USP24 stabilizes GSDMB to promote STAT3 phosphorylation in bladder cancer cells
Given that USP24 promoted the expression of the GSDMB protein levels rather than that of the mRNA levels in bladder cancer cells, we hypothesized that USP24 may regulate the stability of GSDMB through the ubiquitinated proteasome pathway. We have shown that knocking down USP24 using shUSP24 or USP24 inhibitor EOAI3402143 could reduce the protein expression of GSDMB, but the process was inhibited by proteasome inhibitor MG132 (Fig. 6A, B, E, F). Moreover, the protein half-life of GSDMB was significantly decreased when USP24 was knocked out or inhibited, while overexpression of USP24 showed the opposite effect (Fig. 6C, G).

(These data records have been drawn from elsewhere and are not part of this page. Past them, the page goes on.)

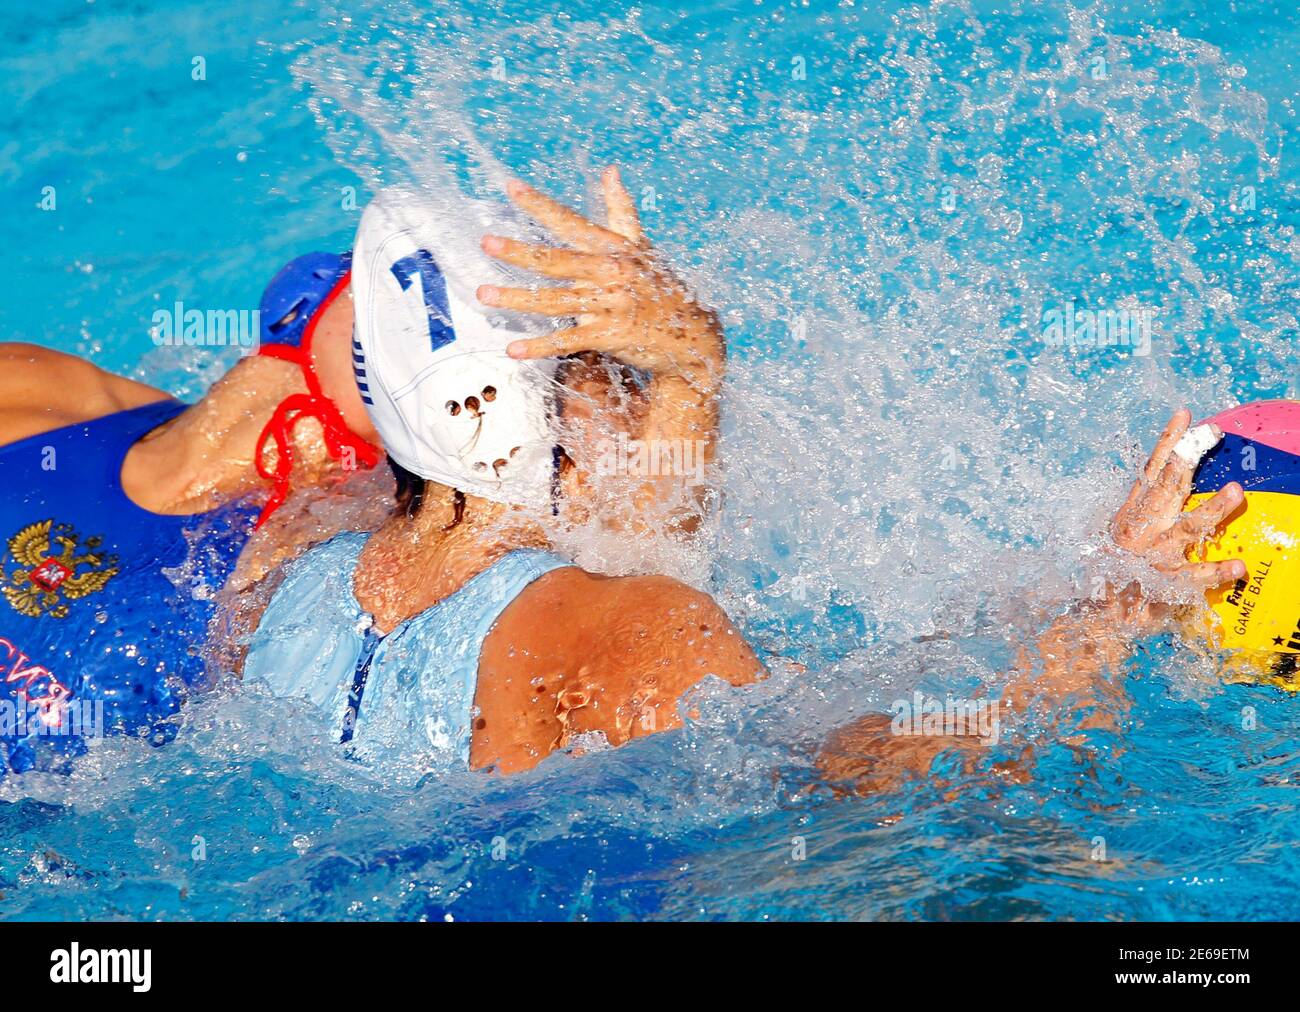 Alexandra Polo High Resolution Stock Photography and Images - Alamy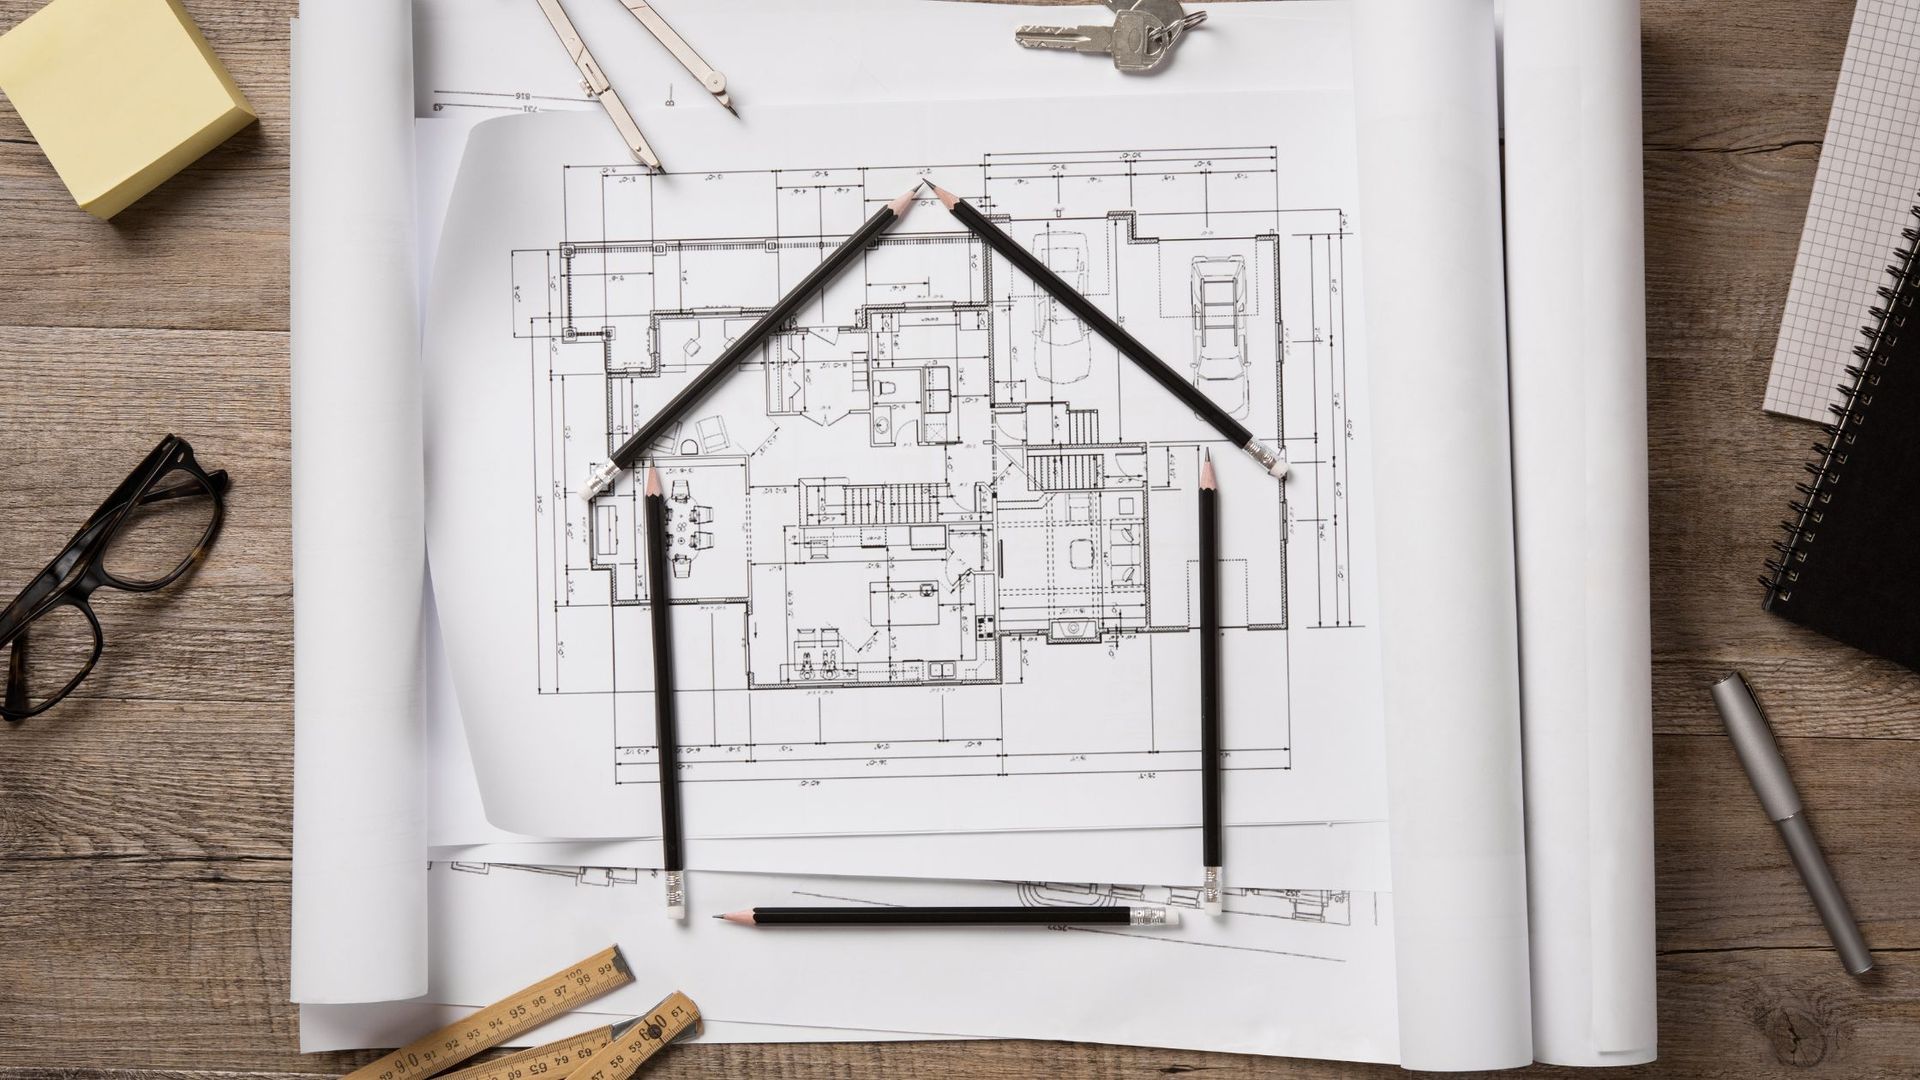 Home plans - why you may want to seriously consider a newly built home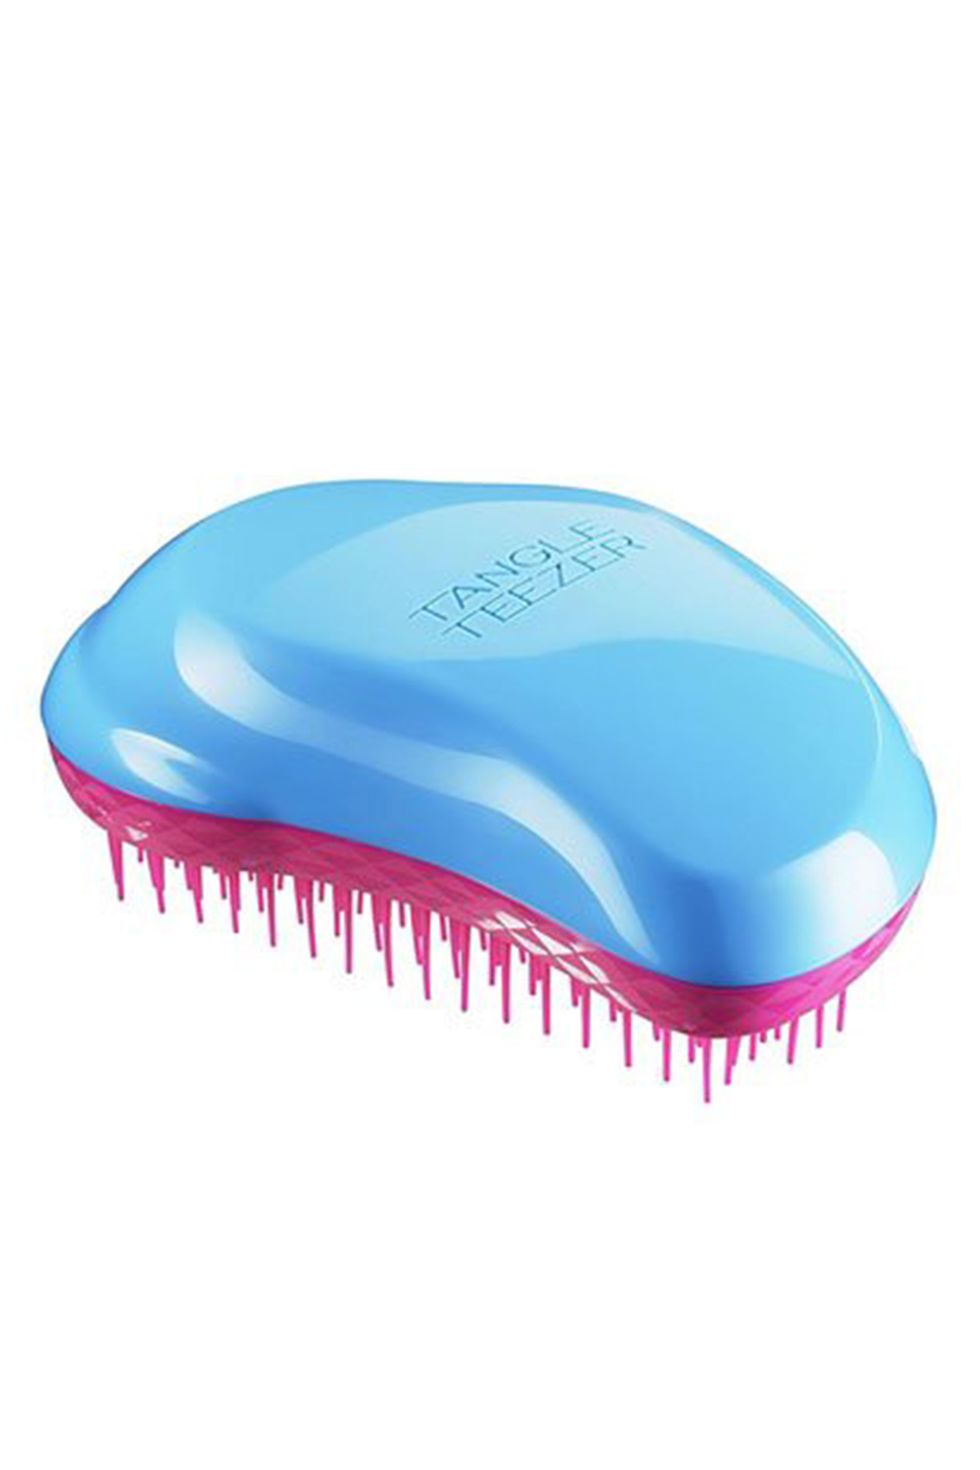 Brush, Turquoise, Comb, Aqua, Automotive cleaning, Hair accessory, Cosmetics, Horse grooming, 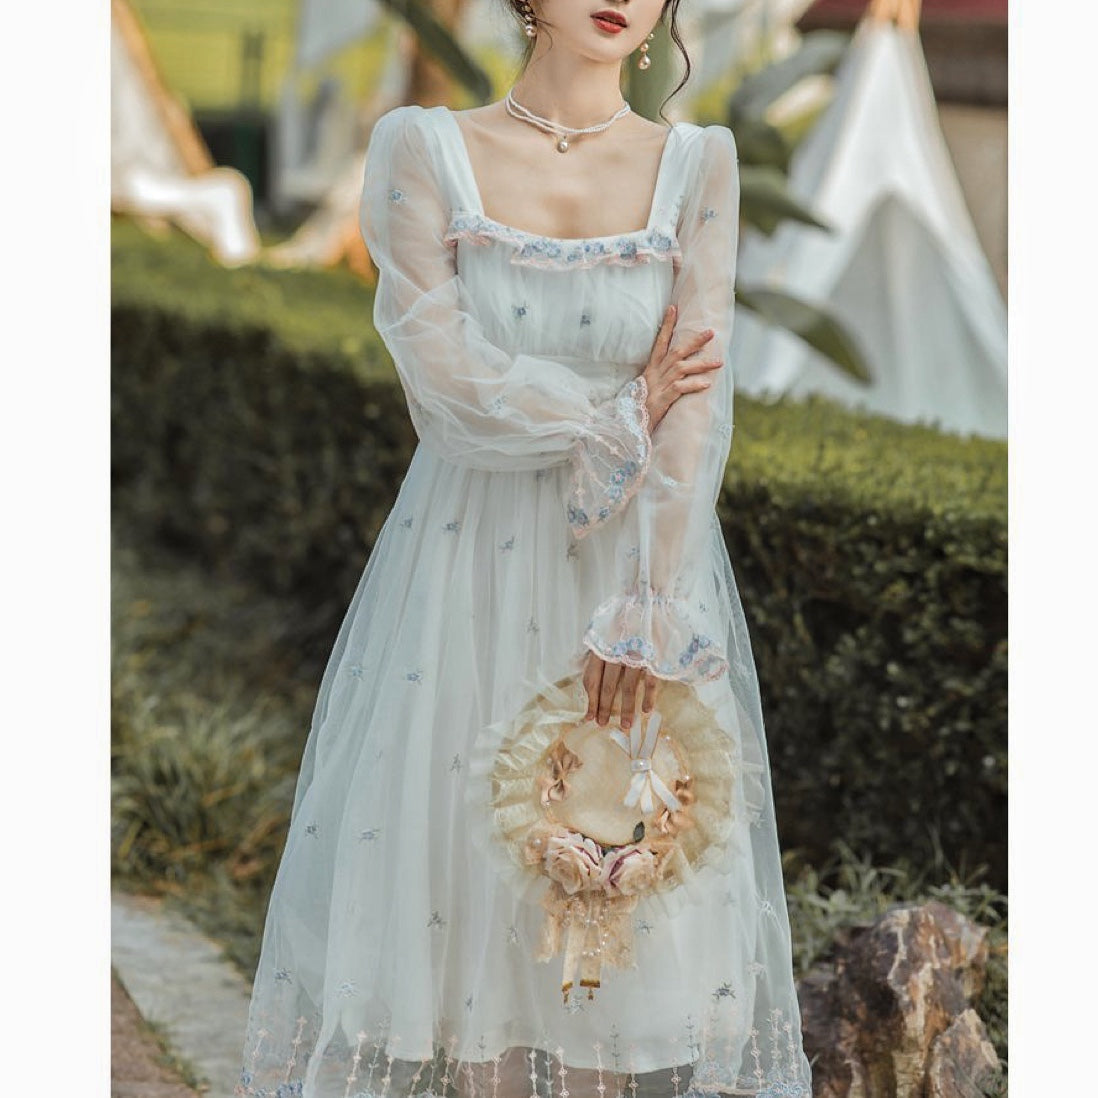 Delicate Embroidered Tulle Fairytale Princess Dress Fairycore Fashion

The proteasome recognized and degraded ubiquitinated proteins 24. We proved that knocking down or inhibiting USP24 increased the polyubiquitination of GSDMB, but overexpressing USP24 decreased the polyubiquitination of GSDMB in bladder cancer cells (Fig. 6D, H). These data suggest that USP24 promoted the stability of the GSDMB protein in bladder cancer by deubiquitinating GSDMB.
Moreover, after USP24 was inhibited or overexpressed, the expression level of p-STAT3 Y705 also decreased or increased, respectively (Fig. 6I–K). This raised the question if USP24 regulates the activation of the STAT3 signaling pathway through GSDMB. To verify this hypothesis, we knocked down the expression of GSDMB while knocking down or suppressing the expression of USP24. The results showed that the p-STAT3 Y705 protein level remained stable, while it decreased when GSDMB was knocked down alone (Fig. 6I, J). Similarly, overexpressing USP24 after knocking down GSDMB also resulted in a constant p-STAT3 Y705 protein level (Fig. 6K). Therefore, the USP24–GSDMB pathway axis played a key role in modulating the phosphorylation of STAT3. In conclusion, USP24 stabilizes GSDMB to promote STAT3 phosphorylation in bladder cancer cells (Fig. 6L).